Description:This calorie counter web app has a login/register feature for individuals who want to track their calories and macros throughout the day and week. For searching data, I used a REST API from the USDA FDC https://fdc.nal.usda.gov/api-spec/fdc_api.html index.html The search form returns a list of foods 'results.html' and also a separate list for the BRANDED datatype 'results-branded.html'. You can see nutritional facts for every individual food that the search query returned. If you clicked on one of them, you went to a different route /details that lets you modify the serving size according to your needs result.html.Then you can add it to your log for it to show in your personal graph of its calories and macros /food-log route.In helpers.py is where the retrieving of my data is, from the API.Requesting through different endpoints for my needs.And parsing the data so i can use the relevant part.The def lookup_nutritional_info(query, api_key) this function is used by my /details where it returns nutritional facts of a food.The def search_food(query, api_key, page, page_size): function searches for foods then returns a list based on match query.The def get_nutritional_info(fdc_ids, api_key): returns a partial nutritional fact such as calorie and its macros for every food in the list that search returned.These two function is used by /results and /results-branded route.Where from the templates results.html and results-branded.html displays the list of foods along with it's calories,protein,carbs and fat for users to see.
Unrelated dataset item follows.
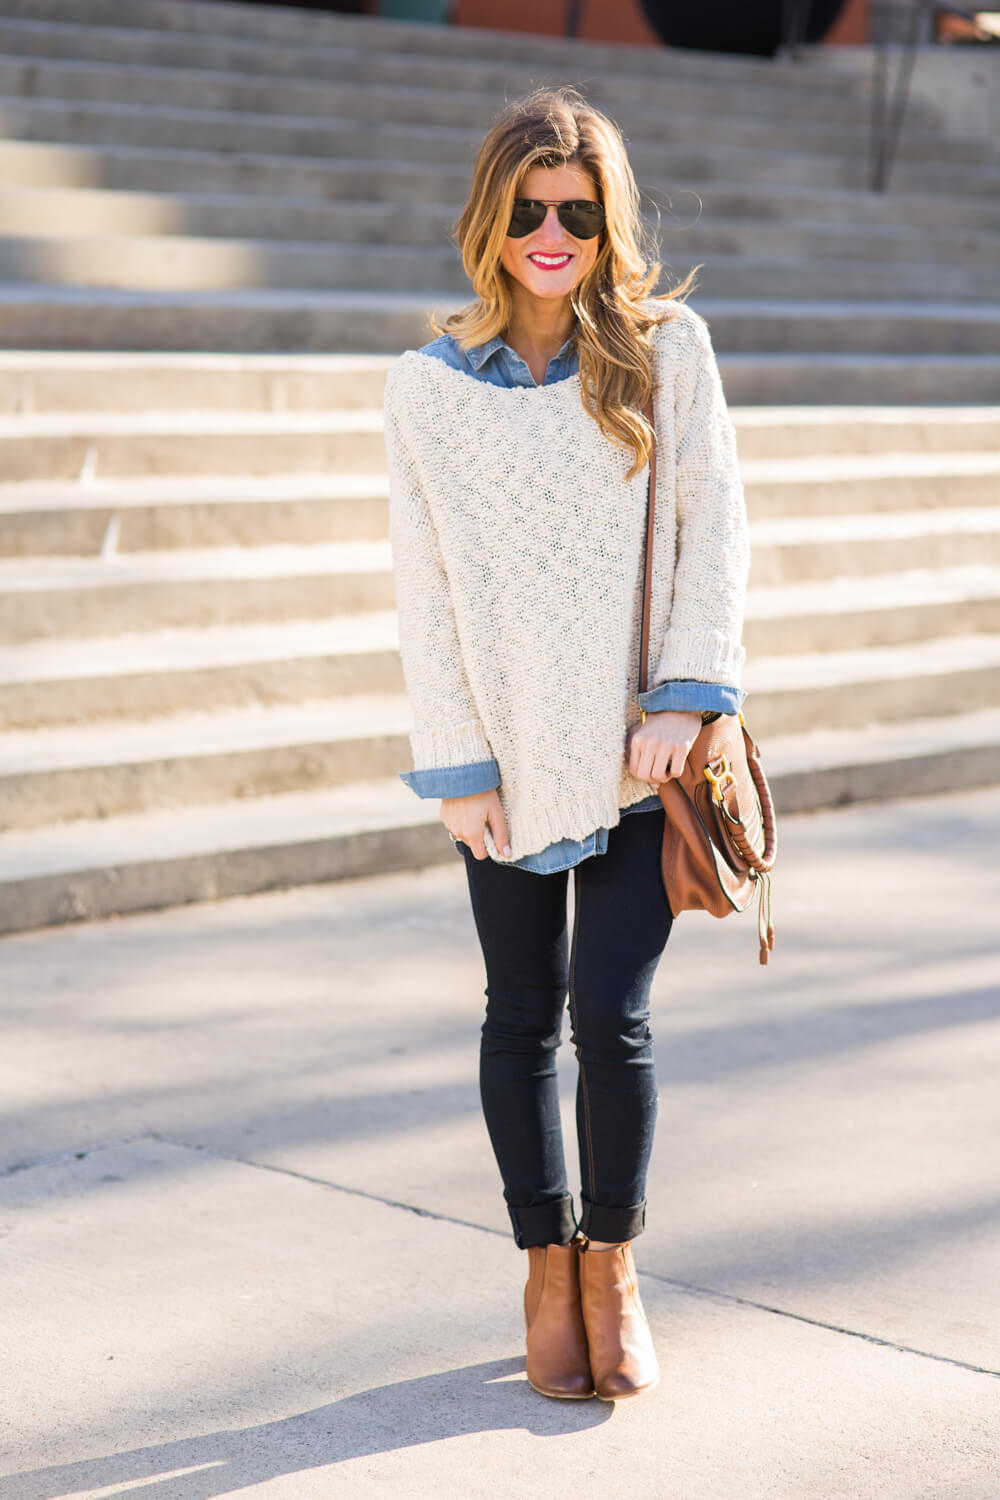 white sweater + chambray shirt + skinny jeans + booties + crossbody bag

These two functions are kind of duplicates of those I used for my branded.db because I didn't include the branded datatype in the endpoints. Namely def get_nutritional_info_branded(fdc_ids, page): and def search_food_branded(q).As for my branded.db. I downloaded data for branded from https://fdc.nal.usda.gov/download-datasets.html. I then imported two relevant.csv files into my SQL database, 'branded.db, for necessary queries. As for the UI, the color palette I've used is 60% white (Background), 30% green (text), and 10% (buttons) blue. I've also added a spinner loader to the index.html while the data is loading or we're requesting it from the API server.

Note: Since the BRANDED database is such a large file, I have to download the data and import it into my SQL. That's why it's not updated. Because if we include the branded datatype at our endpoint for fetching or requesting branded data, the web app often takes time to load or crashes.